OTHER MARITIME CITIES

[589-1229 A.D.]

The first magistrate of the republics of Naples, Gaeta, and Amalfi bore likewise the title of doge. These three cities, forgotten by the Greek emperors, and receiving no aid from them, still held by the ties of commerce to Greece. The inhabitants had devoted themselves with ardour to navigation; they trafficked in the Levant, and covered southern Italy with its rich merchandise. The country situated beyond the Tiber had been exposed to fewer invasions than upper Italy. It had not, however, entirely escaped. A Lombard chief entered it in 589, and founded the great duchy of Benevento, which comprehended nearly the whole southern part of the peninsula. This dukedom maintained itself independent of the kingdom of the Lombards at Pavia, and had not been involved in its fall.
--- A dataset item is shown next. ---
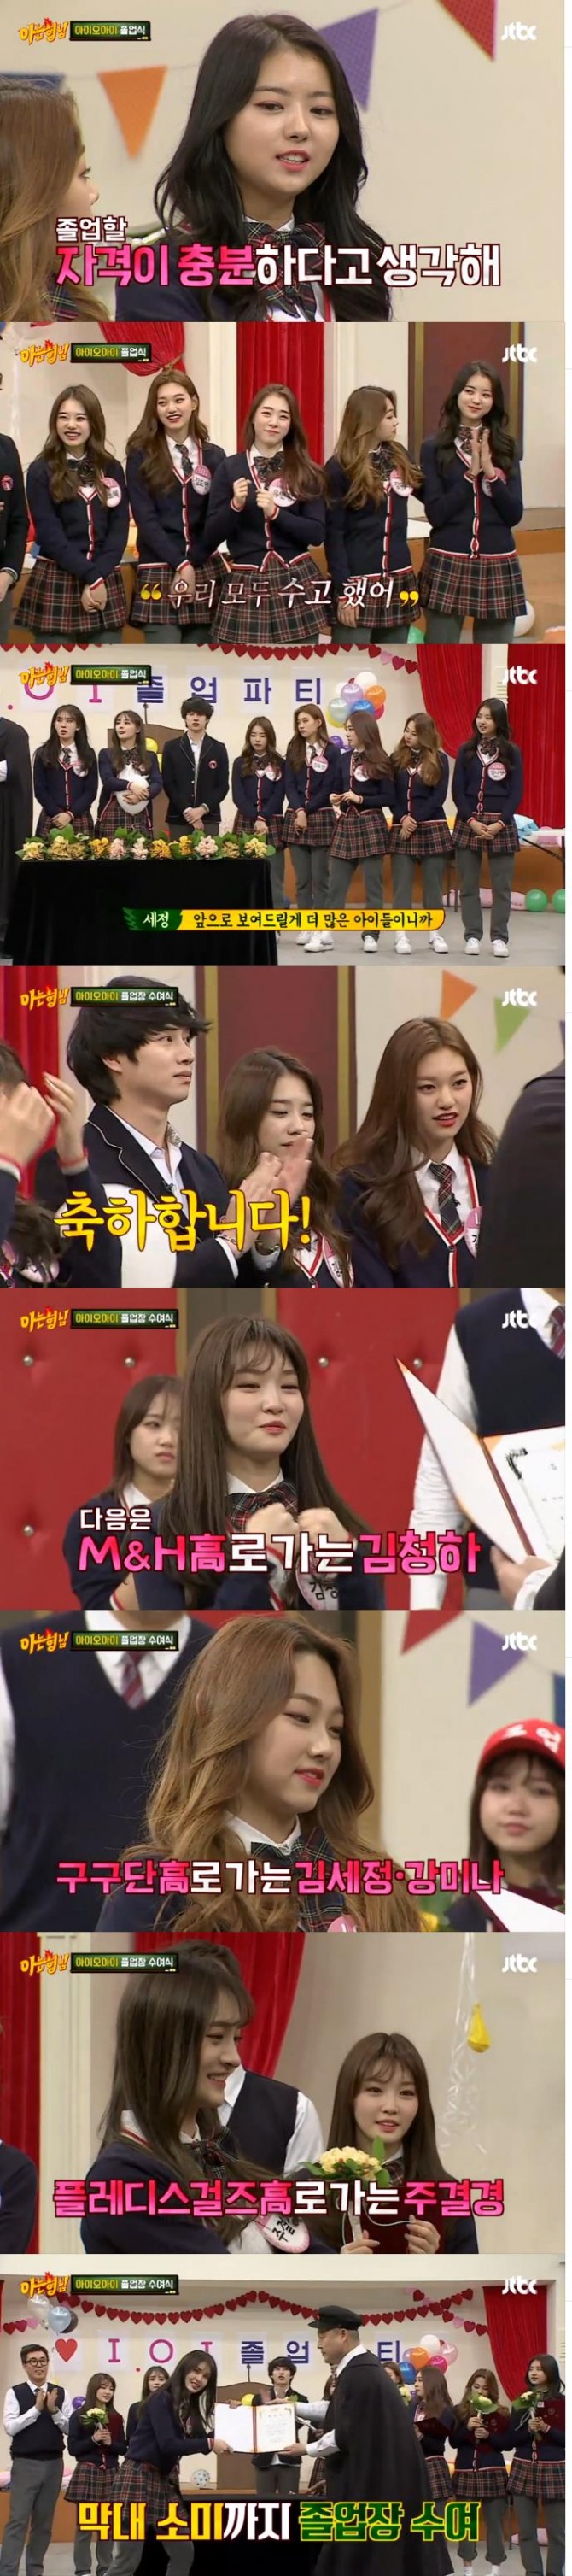 3일 밤 방송된 JTBC '아는 형님'에서는 걸그룹 아이오아이(I.O.I)가 출연해 예능감을 뽐내고 졸업식을 치르는 장면이 그려졌다./사진=JTBC방송 캡처
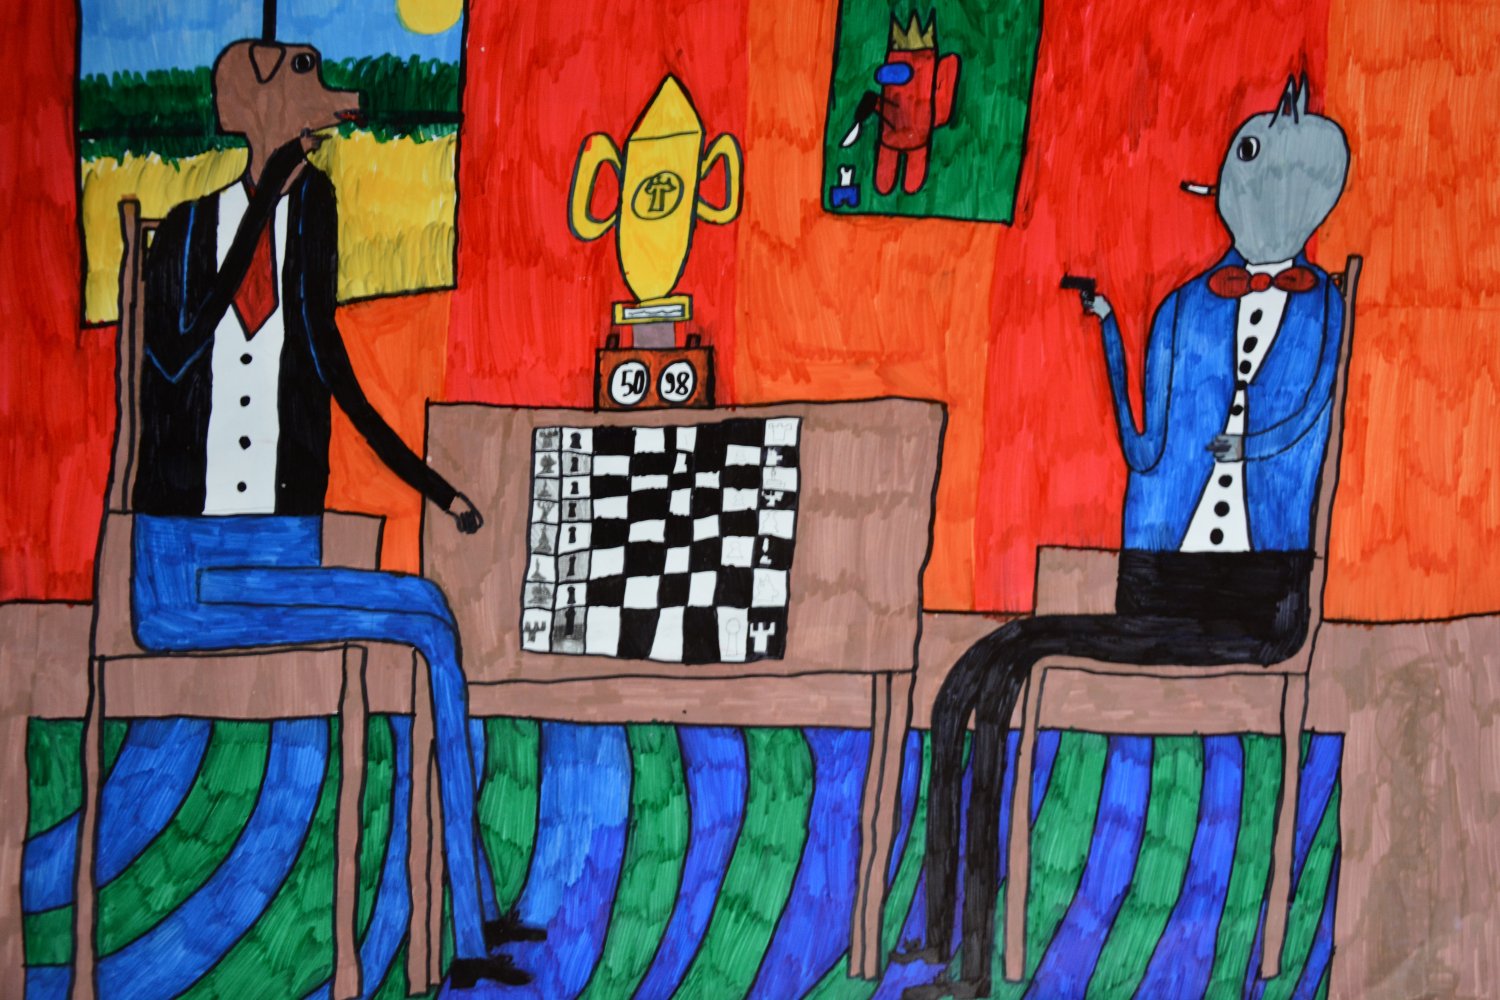 I miejsce: Jan Choniawko. 10 lat. Tytuł “Zwierzoludzie i szachy”. Piękna i kolorowa kompozycja przedstawia zwierzęta o cechach ludzkich, które grają w szachy. Technika flamaster na papierze.

It defended itself with valour against Charlemagne and his successors, who attempted its conquest; but in 839, at the end of a civil war, it was divided into the three principalities of Benevento, Salerno, and Capua. The Saracens had established colonies, in the year 828, in Sicily, which till then had been subject to the Greek Empire; these Saracens, a few years afterwards, passed into southern Italy. The three republics of Naples, Gaeta, and Amalfi preserved their independence by exciting enmity between the Lombards and Saracens, who equally menaced them; but these barbarians soon sank into the languor produced by the charms of a southern climate. It seemed as if they had no longer courage to risk a life to which so many enjoyments were attached. When they fought, it was with effeminacy; and they hastened the termination of every war to plunge again into the voluptuous ease from which it had roused them. The citizens of the republics had the advantage over them of walls and defiles; and without being braver than the Lombards, maintained their independence against them for six centuries.

[936-1195 A.D.]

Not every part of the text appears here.